[What the exercise asks]: In the listing below, find the line with "Berg W.H. van" and the line with "Neuralgias cranianas e", then return them and every line between them exactly, minus the pictures.

[Data extracts]:
== Segment start ==

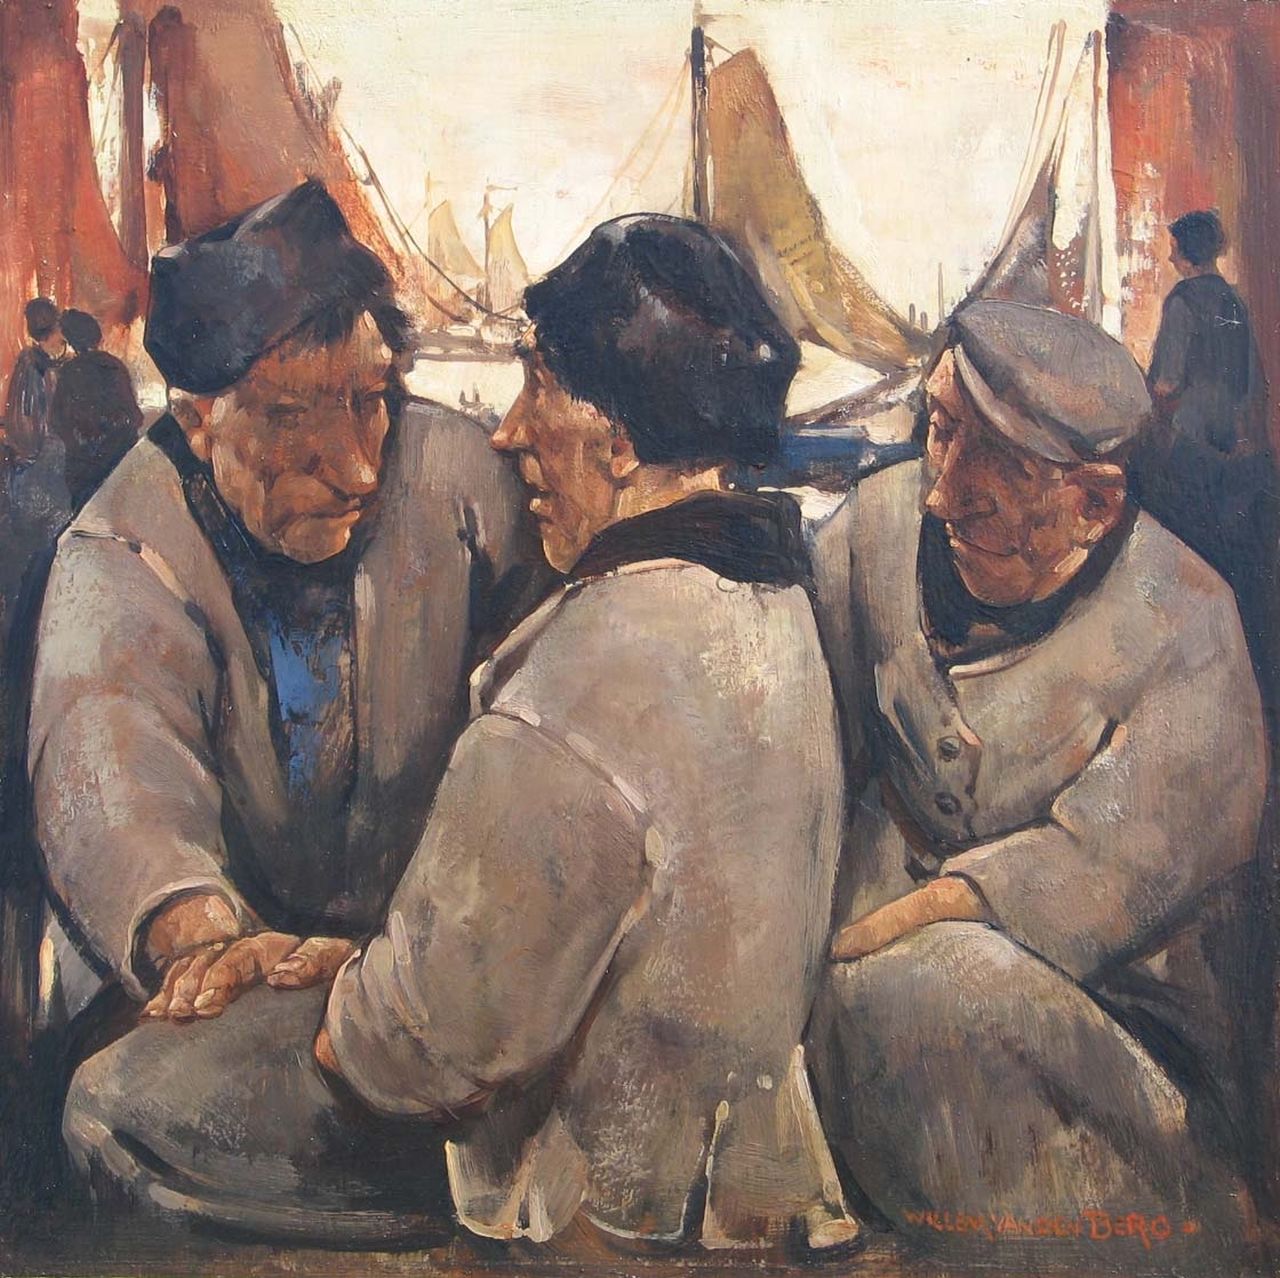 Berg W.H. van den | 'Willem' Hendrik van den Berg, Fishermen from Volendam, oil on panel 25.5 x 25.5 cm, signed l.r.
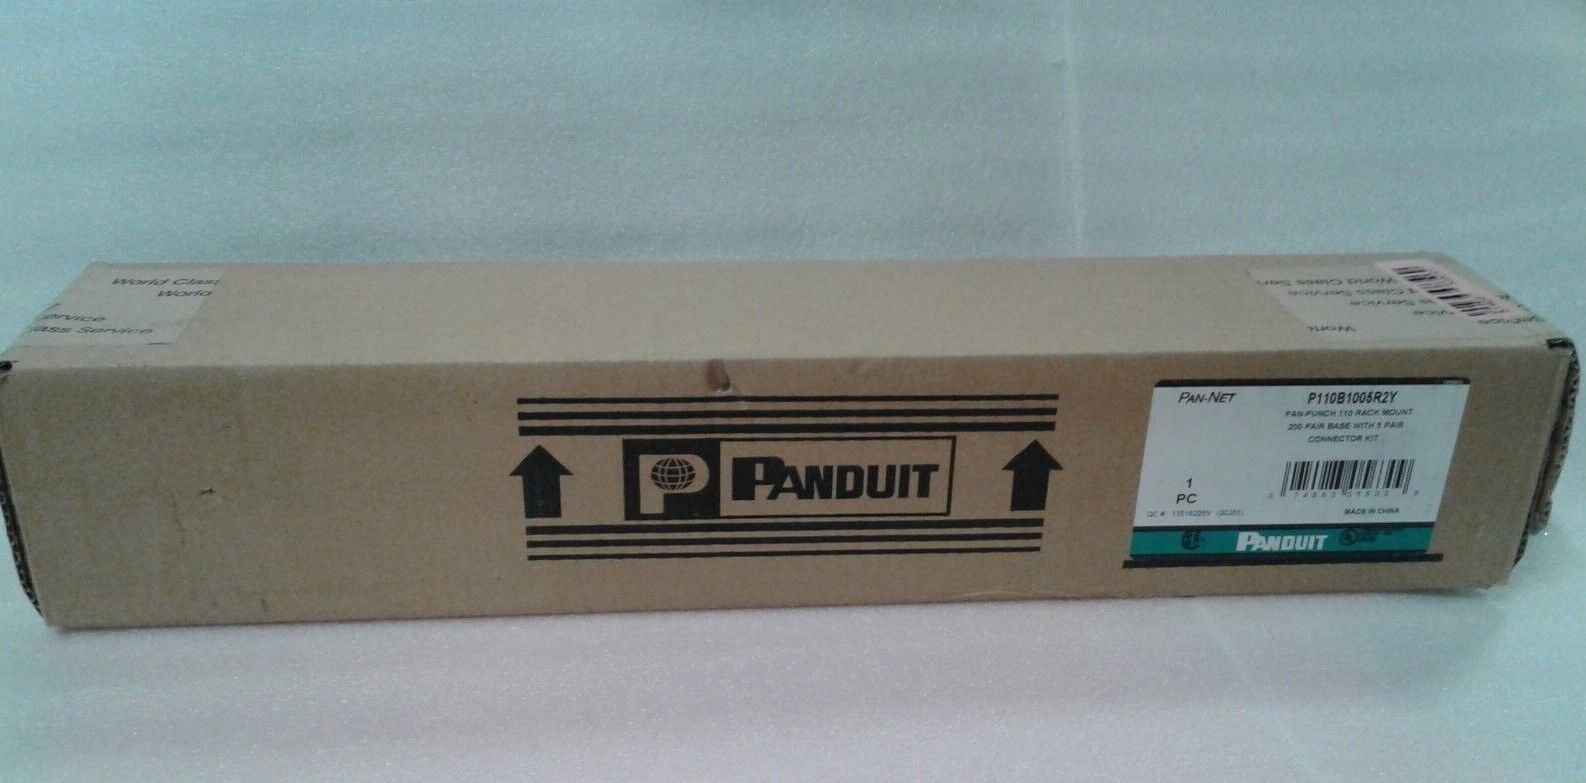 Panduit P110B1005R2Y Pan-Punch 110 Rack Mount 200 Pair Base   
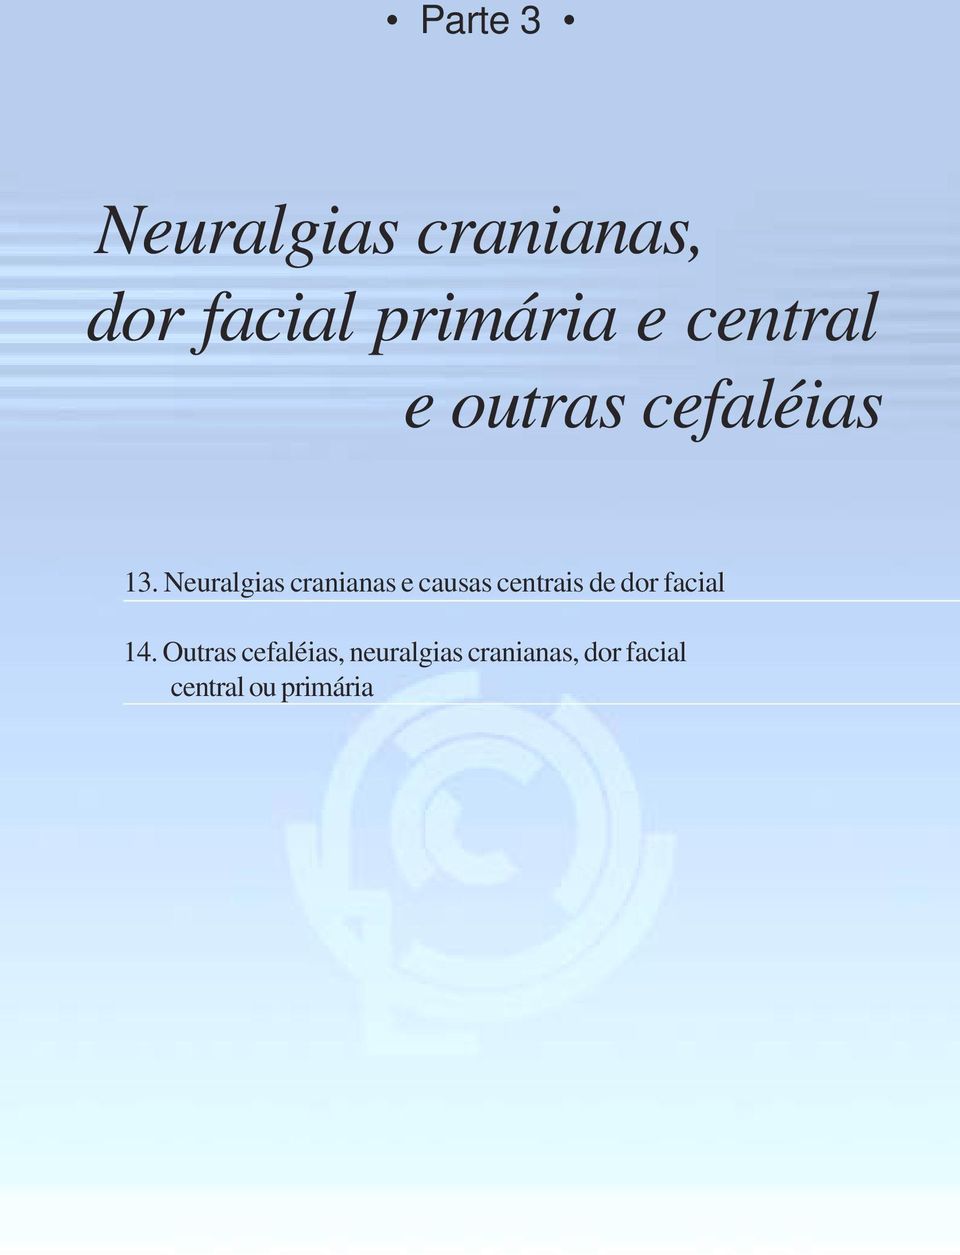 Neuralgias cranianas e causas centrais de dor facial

== Segment end ==
== Segment start ==

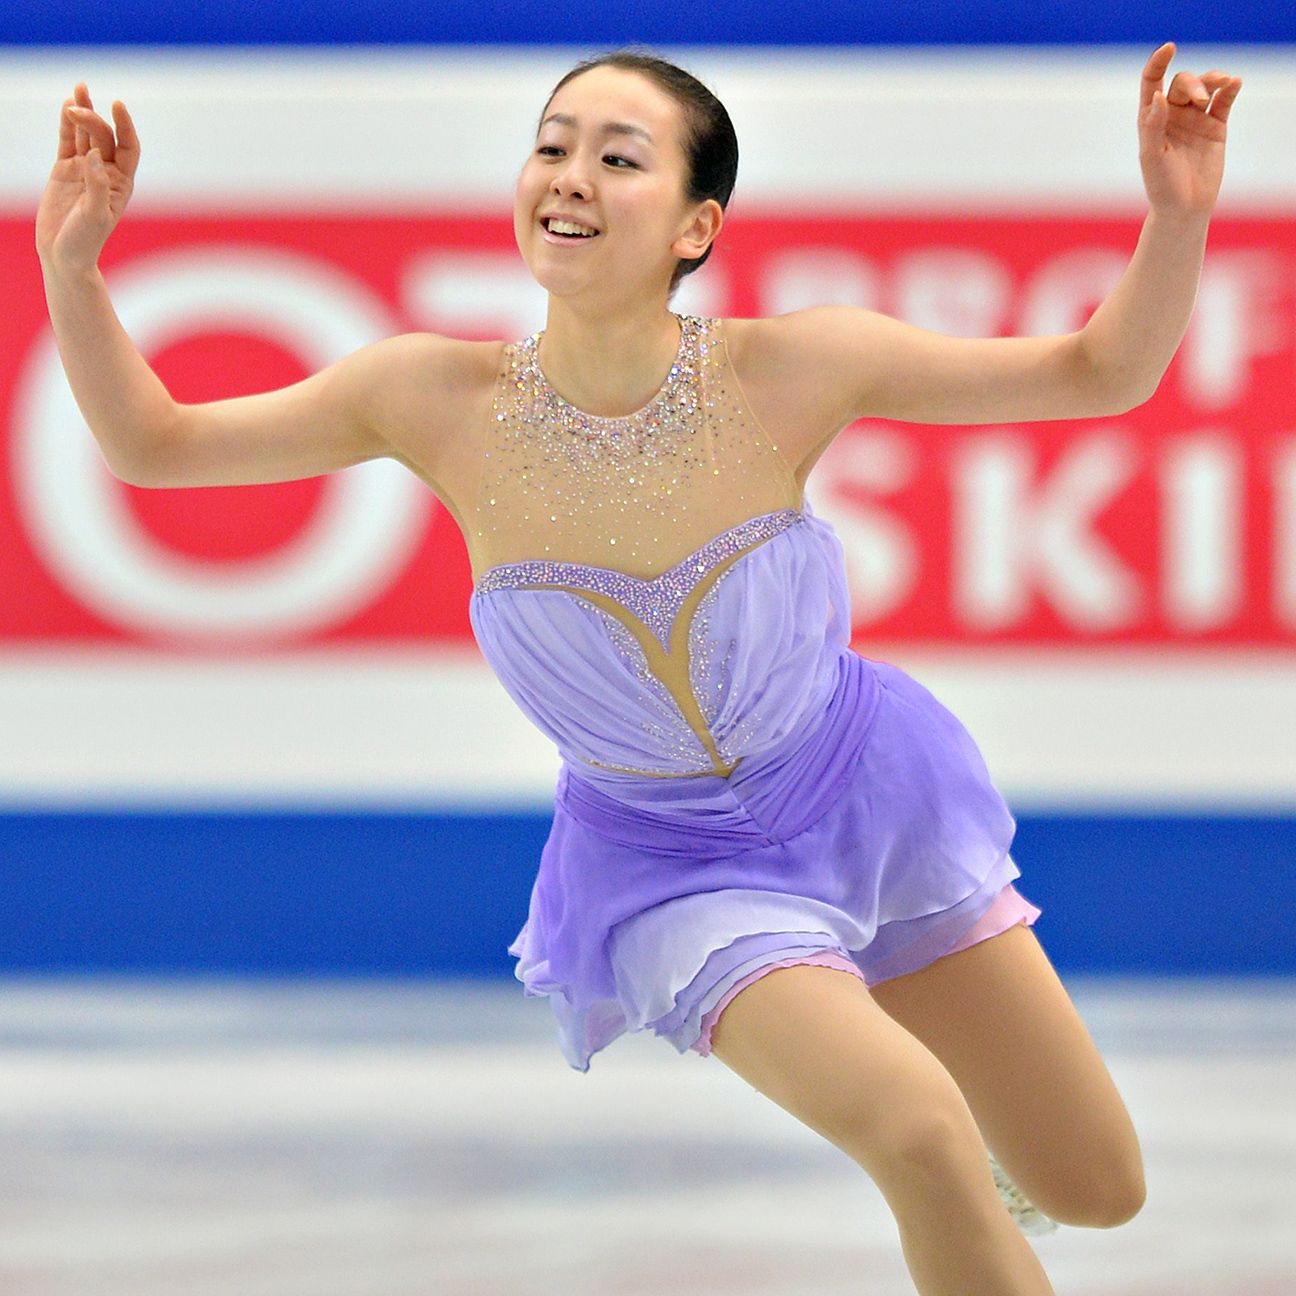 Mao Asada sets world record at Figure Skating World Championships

== Segment end ==

[Written reply]:
 Berg W.H. van den | 'Willem' Hendrik van den Berg, Fishermen from Volendam, oil on panel 25.5 x 25.5 cm, signed l.r.
 Panduit P110B1005R2Y Pan-Punch 110 Rack Mount 200 Pair Base   
 Neuralgias cranianas e causas centrais de dor facial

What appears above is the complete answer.